INPUT FOR THIS TASK: Begin
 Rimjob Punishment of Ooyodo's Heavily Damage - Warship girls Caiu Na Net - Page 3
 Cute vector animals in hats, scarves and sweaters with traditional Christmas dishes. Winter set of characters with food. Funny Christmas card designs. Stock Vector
INPUT FOR THIS TASK: End
INPUT FOR THIS TASK: Begin
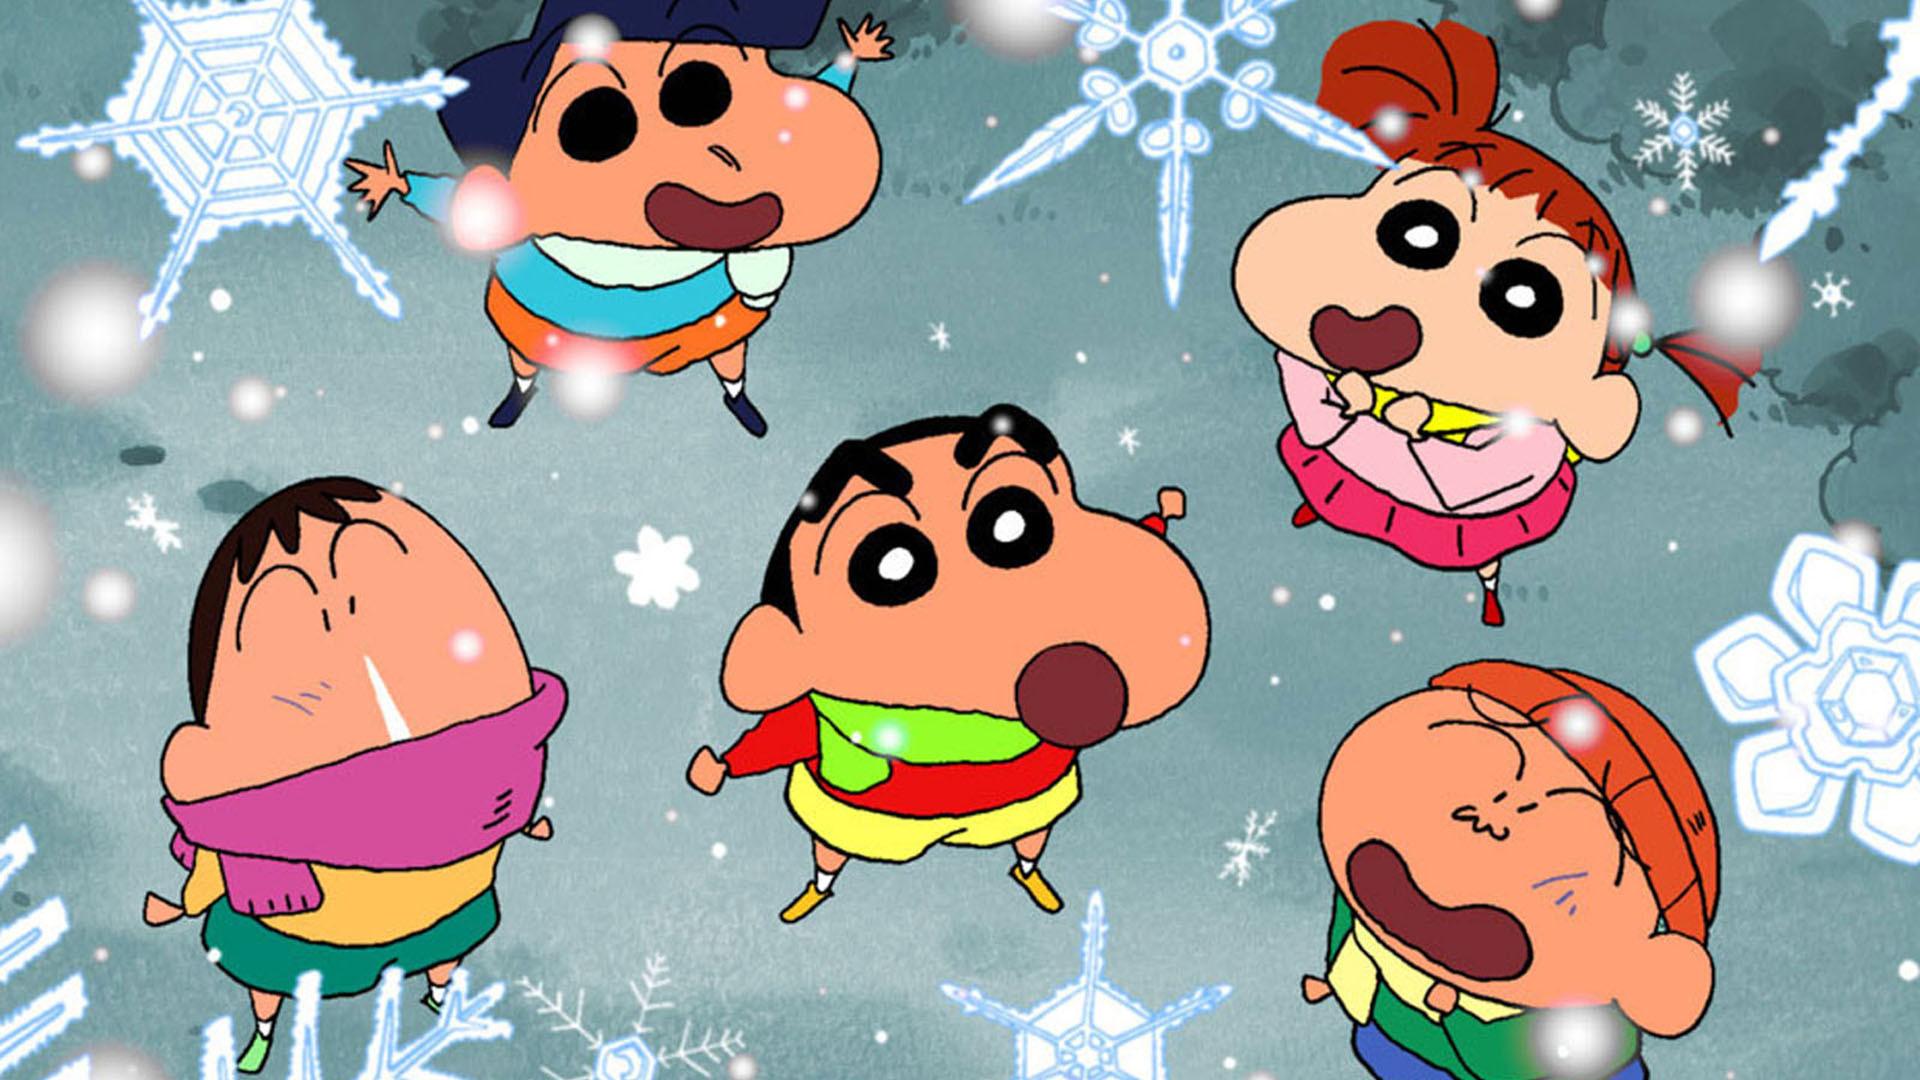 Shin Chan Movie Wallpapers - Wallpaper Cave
INPUT FOR THIS TASK: End
DESCRIPTION OF THE TASK: Send back exactly the lines of the listing above starting at the one with "Rimjob Punishment of" and ending at the one with "Cute vector animals", inclusive, and no others.

REPLY:
 Rimjob Punishment of Ooyodo's Heavily Damage - Warship girls Caiu Na Net - Page 3
 Cute vector animals in hats, scarves and sweaters with traditional Christmas dishes. Winter set of characters with food. Funny Christmas card designs. Stock Vector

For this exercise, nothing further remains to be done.